Painter et al. [37] have reported how they changed their selection criteria for KSS in patients with UTUC over the years. These investigators compared inclusion criteria and the outcome of 35 ureteroscopic treatments performed during 1998–2006 with 30 procedures carried out during 2006–2016. In the earlier group, indications were broader, and there were six deaths from cancer progression. During the period 2006–2016, only endoscopic treatment of low-risk UTUC was performed, and no patients developed metastatic disease. The recurrence rate was high in both groups.

In a prospective consecutive study conducted by Villa et al. [9], 92 UTUC patients ureteroscopically treated with Ho:YAG laser were enrolled over a period of 13 years. The median follow-up time was 52 months. In this analysis, grade was an independent predictive factor of disease progression, whereas tumour size ≤ 1 or > 1 cm and multifocality were not. At 2-year follow-up, progression-free survival was 79% for low-grade and 52% for high-grade disease, and this difference was statistically significant.

Intravesical recurrence (IVR) has been reported in 27–40% of UTUC patients after RNU [38]. However, Obrien et al. [39] found that the incidence decreased significantly when a single dose of intravesical mitomycin was given postoperatively. IVR after diagnostic URS has also been suggested by several investigators, although these findings have not been found to have an impact on OS, CSS, recurrence-free survival, or metastasis-free survival [40‐42]. Another study showed no correlation between previous ureteroscopic tumour ablation and IVR or cancer-specific mortality in patients treated with an upper urinary tract ablation prior to RNU [43].

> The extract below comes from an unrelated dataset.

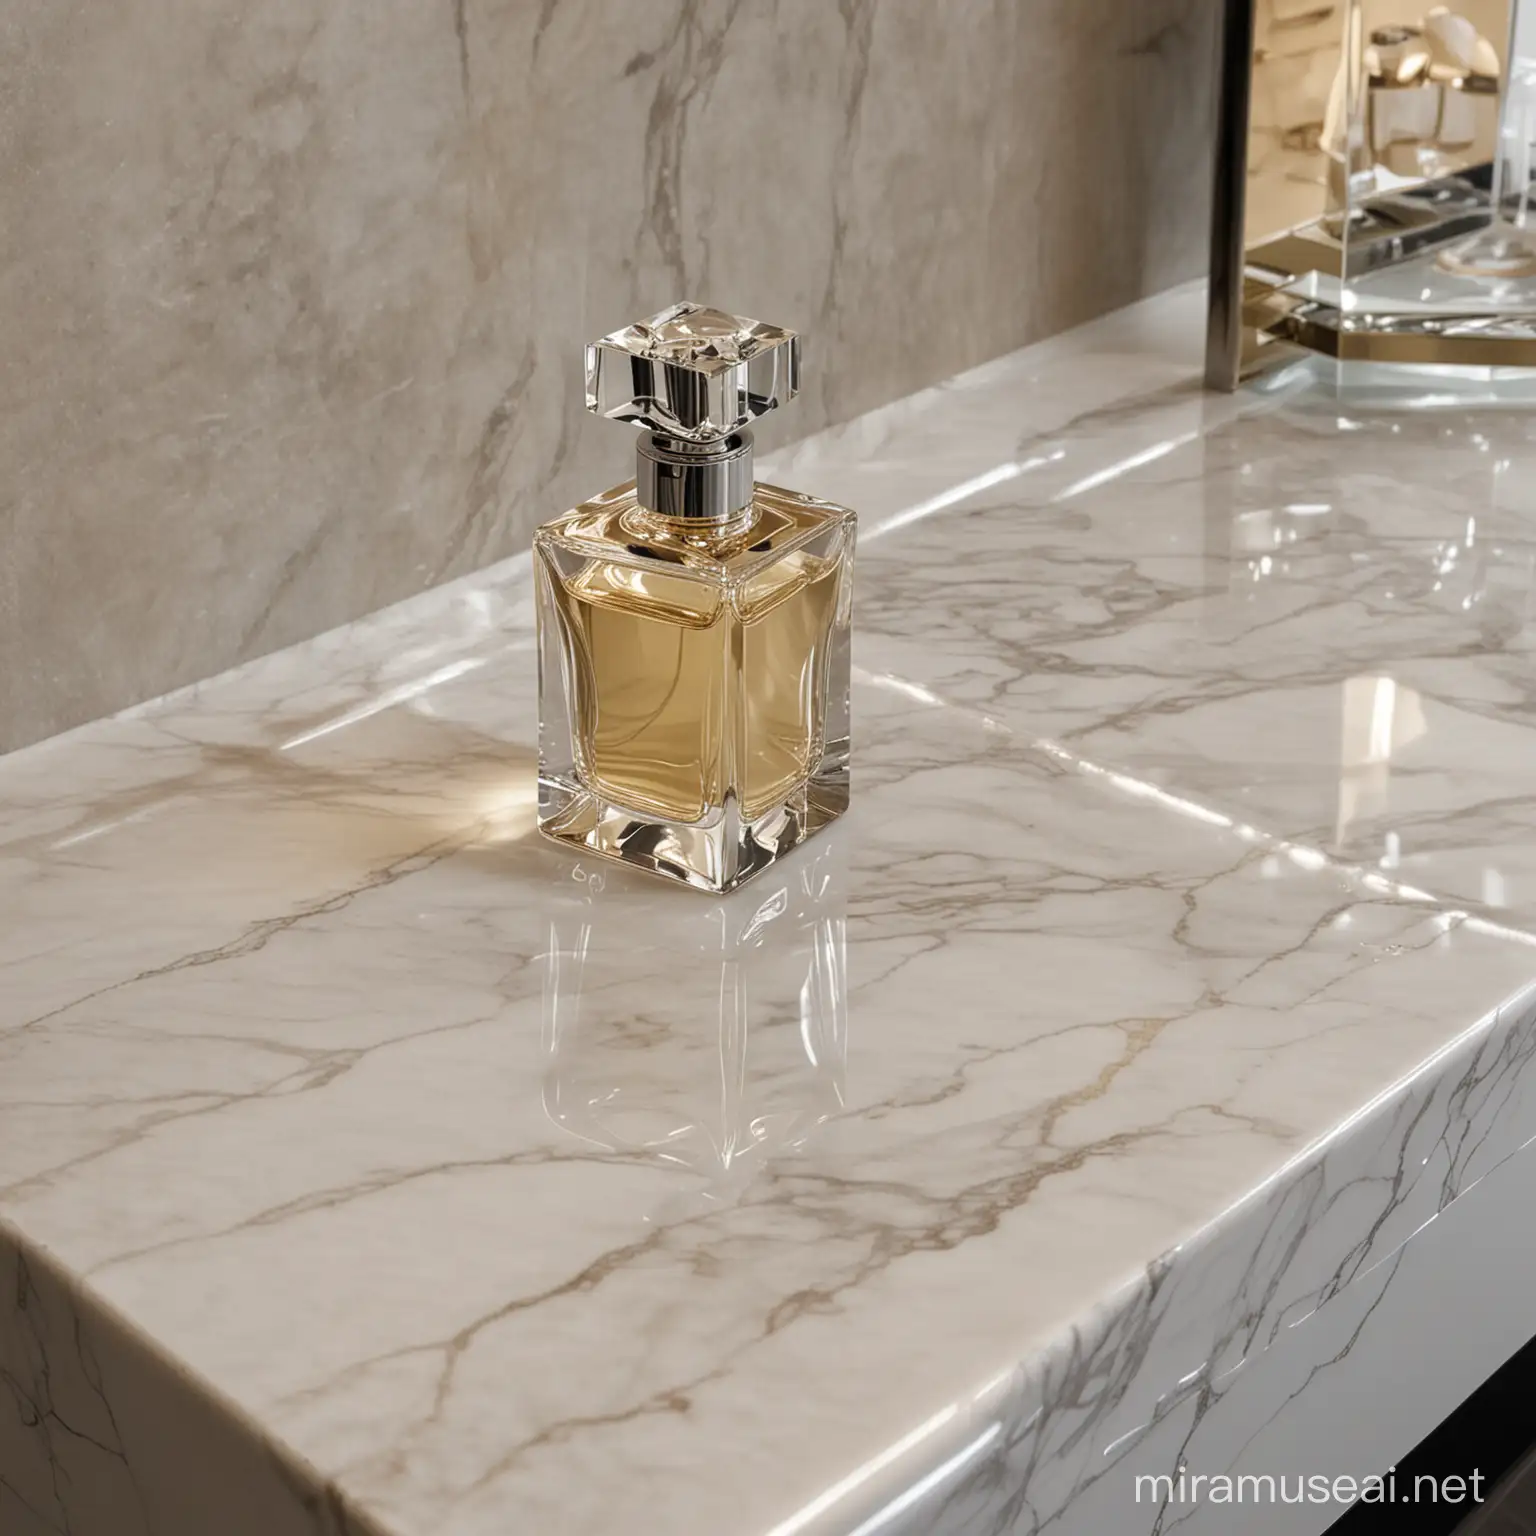 Elegant Perfume Display on Sophisticated Marble Countertop

According to the EAU guidelines, follow-up after RNU for low-risk UTUC should include cystoscopy at 3 and 9 months and thereafter annually, as well as CTU annually. For patients with high-risk UTUC, cystoscopy with cytology should be performed every 3 months for 2 years, then every 6 months for 2 years, and thereafter annually for 5 years together with CTU annually. After KSS for low-risk UTUC, cystoscopy and CTU should be done at 3 and 6 months and then annually for 5 years, including URS at 3 months. The same programme should be applied for high-risk tumours, but adding ureteroscopy with in situ cytology at 3 and 6 months. Evidence supporting use of the mentioned follow-up regimes is weak. Other authors have suggested using both a closer and a longer follow-up. Verges et al. [44] described a follow-up protocol with URS at 3-month intervals until the patient is disease free, followed by URS at 6-month intervals for 5 years and thereafter annually, and also annual CTU. Some authors strongly recommend a second look in all cases at 6 to 8 weeks after laser ablation [45] (as illustrated in Fig. 2).